To Get Better, Do the Real thing

I'm not going to lie; I haven’t been spending much time working on a machine learning project. Due to university work. While that may be a valid reason. That still means my machine learning skills won't get better. So soon I should start making it a priority to start training some models.

Recently I watched a podcast with Lex Friedman and George Hotz. Hotz is a very eccentric figure, to say the least. But a very fascinating person. Which made the podcast very enjoyable. On the area of self-help advice. He said that he can’t give good advice. Especially for generic questions. In his own words “how do I become good at things?” Where he said, “just do [the thing] a lot”.
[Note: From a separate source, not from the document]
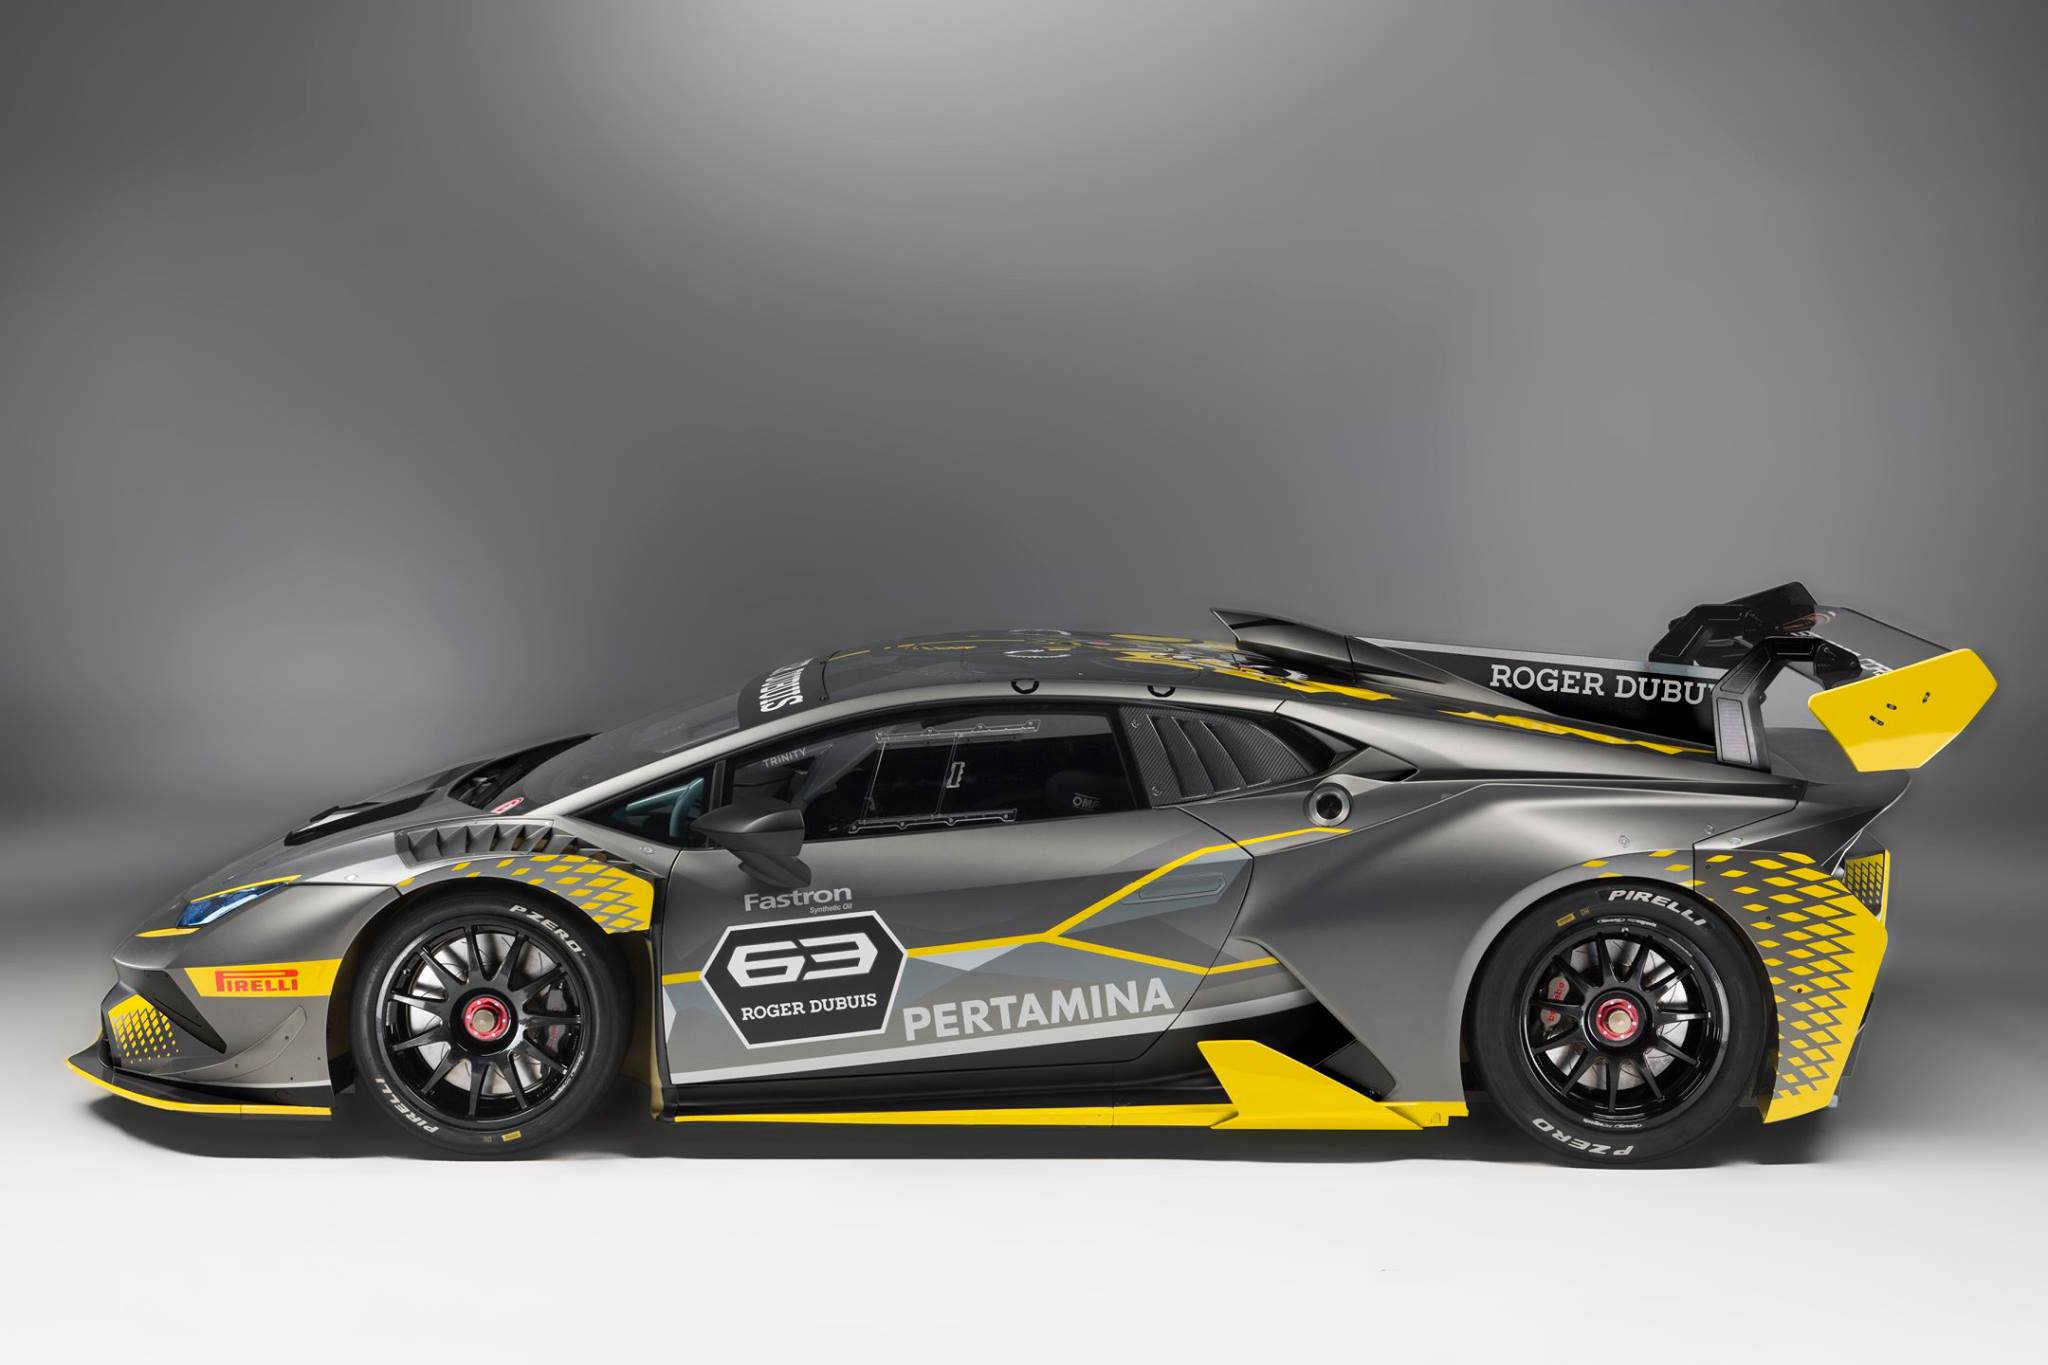 World Premiere Of The Lamborghini Huracan Super Trofeo Evo

When he was asked how to be a better programmer. He just replied be programming for 20 years.  He says many times if you want to learn a skill you have to do it. When talking about self-help he said those books tend to be useless. As the things that people want to hear. Not real stuff like work harder.

Please do the real thing

This reminds of an article by Scott Young one of my favourite bloggers. Titled “Do The Real Thing”. Which echoes the sentiment above. That to get good at something. You want to do the real thing. Time and time again. Substitutes don’t count. He gave the example of his language learning journey. That if he wanted to get better at speaking in the foreign language he was learning. Then he had to speak the foreign language to native speakers. Learning vocab or reading can help. But he still needed to do the activity.

Same things apply to improving my machine learning skills. Make as many models as you can. You cannot help but get better. As you are googling things left right and centre.

Picking up the general process of making a deep learning project along the way. Getting data, cleaning the data. Choosing a model. Training the model. Testing the model. Debugging the model. Then publishing the model. Will be learnt by doing the thing.

Machine learning skills I want to learn

This is why I want to start a new project. But I don’t know what to build for my deep learning project.

I liked the green tea vs oolong tea project. I thought that was very original. I enjoyed making it. Even after the many frustrations of getting the model to work. And I learnt how to use Pytorch. Which is something I will likely be using in a future project.

I may spend more time expanding the green tea vs oolong tea model. Like converting it into an object detection model. Or publishing it so the public can use it. With services like stream lit. Or a custom frontend made with flask. Or convert it into a mobile app. While those options look nice.

I want to try something new. So I want to try a new project. Recently I have been thinking of trying something simple. Like a cat vs dogs image classifier. The reason why I thinking to do this. Is because I want an excuse to try the new FastAI library. As they rebuilt it from the ground up with Pytorch. So it will be nice to see what changed. And getting used to trying fastai again.

Still on the horizon is GANs. I always found GANs. Very interesting. But each time I tried to implement them I have always failed. So I think my prerequisites are not there. So soon I will probably try making a GAN.

Also like I mentioned in many previous blog posts. We need to learn how to implement models to the wider public, not just keeping it in our notebooks. I haven't been following my own advice. So I want to spend time using things like stream lit. Or having an API frontend for one of my ML projects. The production phase of the ml pipeline I think is not taught enough in the ML community. So I want to stay true to my word. And start learning about the production itself. Like ML-Ops and a basic fusion of software engineering and machine learning.

Now that I'm thinking about it one of the best ways to learn those skills is working for a tech company. As you need to publish to the wider public. The model needs to be effective enough where users can get results. But I don’t have that luxury yet. My projects will have to count.

Reading helps but Intuition comes from action

Going back to the topic at hand. All these areas I want to learn. Will need to be learnt by doing them. Getting the first-hand experience, you develop an intuition on the topic. And can produce tangible things with that knowledge. Further cementing your skills. Just reading about it will give you a high-level view of the topic. Which is fine. Not every single topic you need to learn the ins and outs of. But the ones that deep understanding can help you push towards your goals. Then doing the boring work of doing the real thing is a must.